9 Things Every Recruiter Should Do to Build Their Personal Brand

The reality of modern recruiting means that to succeed, you need to go way beyond the basics. For today’s recruiter, the focus must be on personal branding – developing a strong reputation for yourself and then making sure everything you do aligns with your brand.

To take it one step further, your personal brand needs to fall under your firm’s brand umbrella. Working towards the same outcomes and combining forces with your branding allows both you and your recruiting business to achieve greater success together.

Why Personal Branding Matters in Recruiting

When you focus on building your personal brand, you’re investing in how others see you and how you position yourself within the industry.  Personal branding is about deciding how you want to showcase the best version of yourself.

Let’s break down the specifics of the things you need to do to build your personal brand as a recruiter.

1. Highlight Your Expertise

Whether you chose it, or it chose you, your area of specialization is what forms the basis of your personal brand. Most your placements might happen to be in finance, or you may have already been an expert in marketing when you started recruiting professionally. There are countless recruiters in the industry, but there’s only one with your exact education, experience, and skill set.

Define what your niche is and solidify it through the type of content you share. Lend your specialized knowledge to others – candidates, clients, and fellow recruiters – by sharing presentation decks that you’ve made, research you’ve done, and articles you’ve contributed to, all via LinkedIn, Twitter, Slideshare, your own webpage within your company site, or as blog posts.

Recruiters who are new to the industry will want to make a point of building a content portfolio of shareable material to use to highlight your skills.

The more specialized you are, the more you’ll stand apart from competitors and will become a go-to for candidates and clients in your specific industry.

2. Become a Social Media Ninja

One of the best ways to elevate your brand is from a social media standpoint.

It’s not enough to simply have a Facebook account or a LinkedIn profile page – you need to master these platforms from a branding point of view to get the full benefit of their power.

Social media is meant for sharing. That means nothing is off the table when it comes to content. As a user, you’ll want to read, reference other users’ shares, network, and connect through comments. The more social you are, the stronger your brand becomes.

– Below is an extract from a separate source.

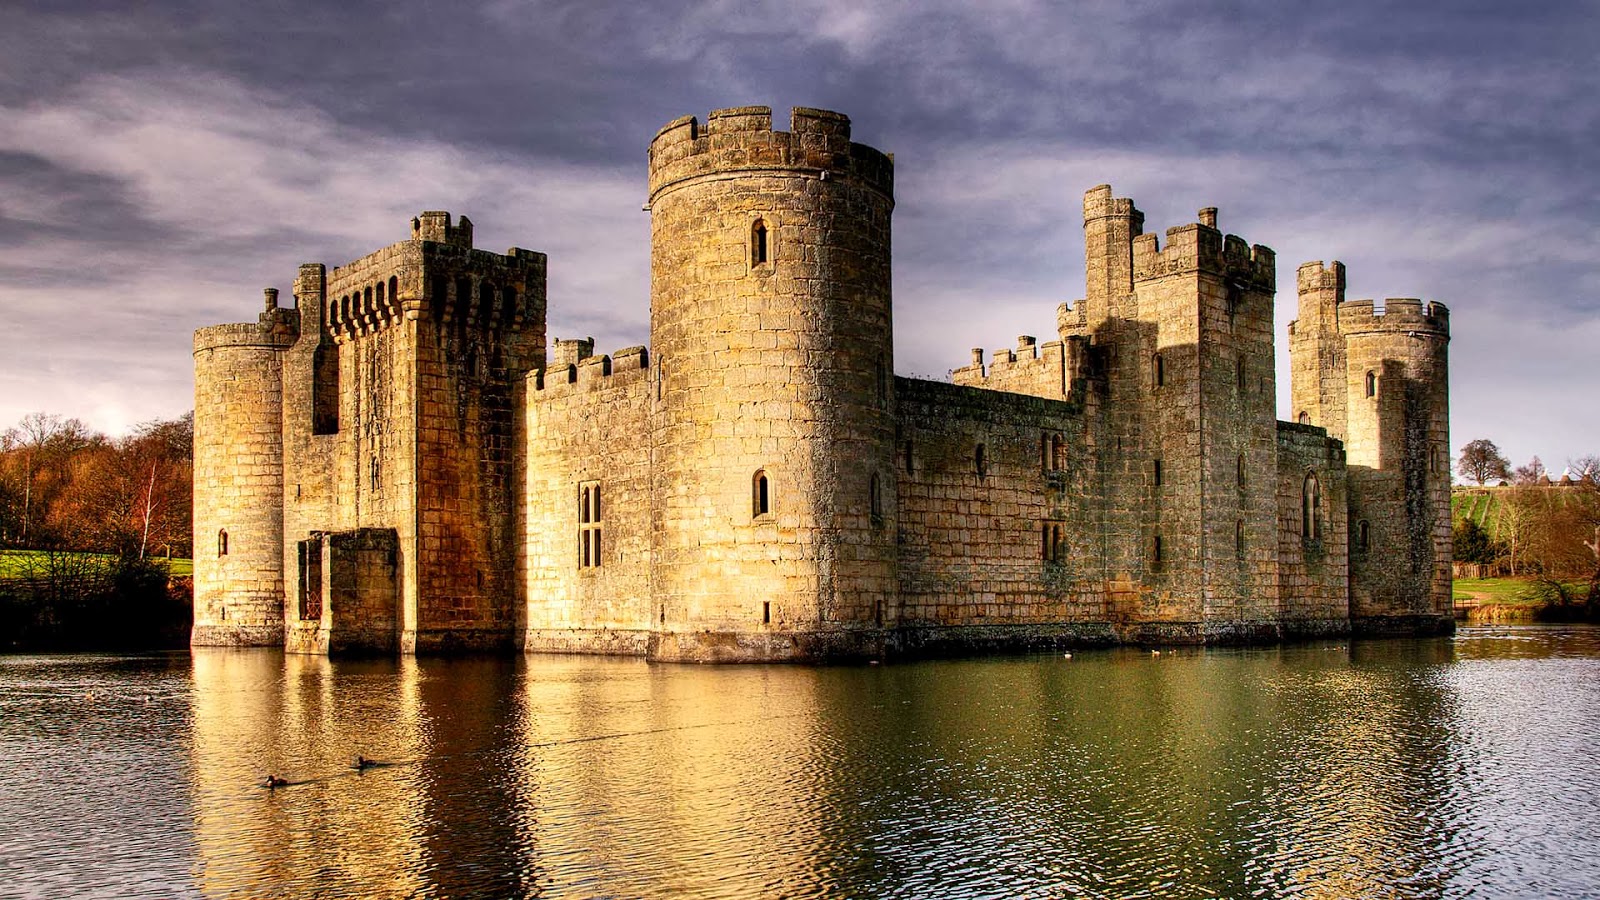 fond d'écran château hd,voie navigable,château,château d'eau,fortification,architecture médiévale

To excel at the social media game, you need to be fully invested. This means connecting across all channels and engaging in the most popular platforms, as a speaker as well as being part of the audience. To ramp up your social media presence, add some of these strategies to your routine:

  • Update regularly – Set a goal for daily posts or at least several times per week.
  • Have accounts on all appropriate platforms – Facebook, LinkedIn, and Twitter are the most common social media channels for business.
  • Engage in conversations with other users – comment on their posts, tag them in suitable information that you post.
  • Stay current – use the most relevant hashtags for what’s happening and trending in your area of expertise.
  • Post content, and lots of it – Did you just read an interesting article? Share a link. Is there a hot debate going on in your industry? Weigh in. Share industry-appropriate jokes. Re-post or re-tweet. Like other people’s posts. Comment on other people’s posts. Use your audience to ask for advice and get a conversation started based on the replies you get.
  • Use variety – post videos, link to your own blog, share infographics, link to podcasts that you find interesting, or share office-appropriate memes. Avoid just posting article after article and create a diverse feed that your followers will appreciate and enjoy coming back to.
  • Don’t make it all about you – Sharing your own work and linking back to your company’s website is a great practice to put into place, but use it sparingly, or you’ll come across as too salesy and too predictable, meaning your users will either unfollow you or gloss over your feed.
  • Lighten up a little – While your social media account should be used primarily to promote your industry and showcase your strengths as a thought leader, each channel offers an opportunity for showing your more personable side though jokes, thoughts about life as a recruiter, or try adding pop culture into your posts.

Mesh your social strategy with that of your firm, or work with your CEO in fine-tuning a social media plan that your whole team can follow if you don’t already have one in place. If you’re passionate and skilled in social media, you might be the one to spearhead getting other recruiters on board and working with the CEO to develop company-wide best practices.

3. Live by a Content Calendar

You’re only as good as your last blog post. Or your most recent tweet, article share, or newsletter.

The meaning? Content isn’t just a “nice to have” item in your personal branding strategy; it is your personal branding strategy. Content creates credibility.

Come up with your own regular content, like a writer might have a column online. Use social media as your sounding board. Not a writer? Post links and ask questions of your audience. Say something, no matter what your medium or platform is. Whatever you create, ask yourself how you can share it in as many ways as possible to get the most value from your efforts.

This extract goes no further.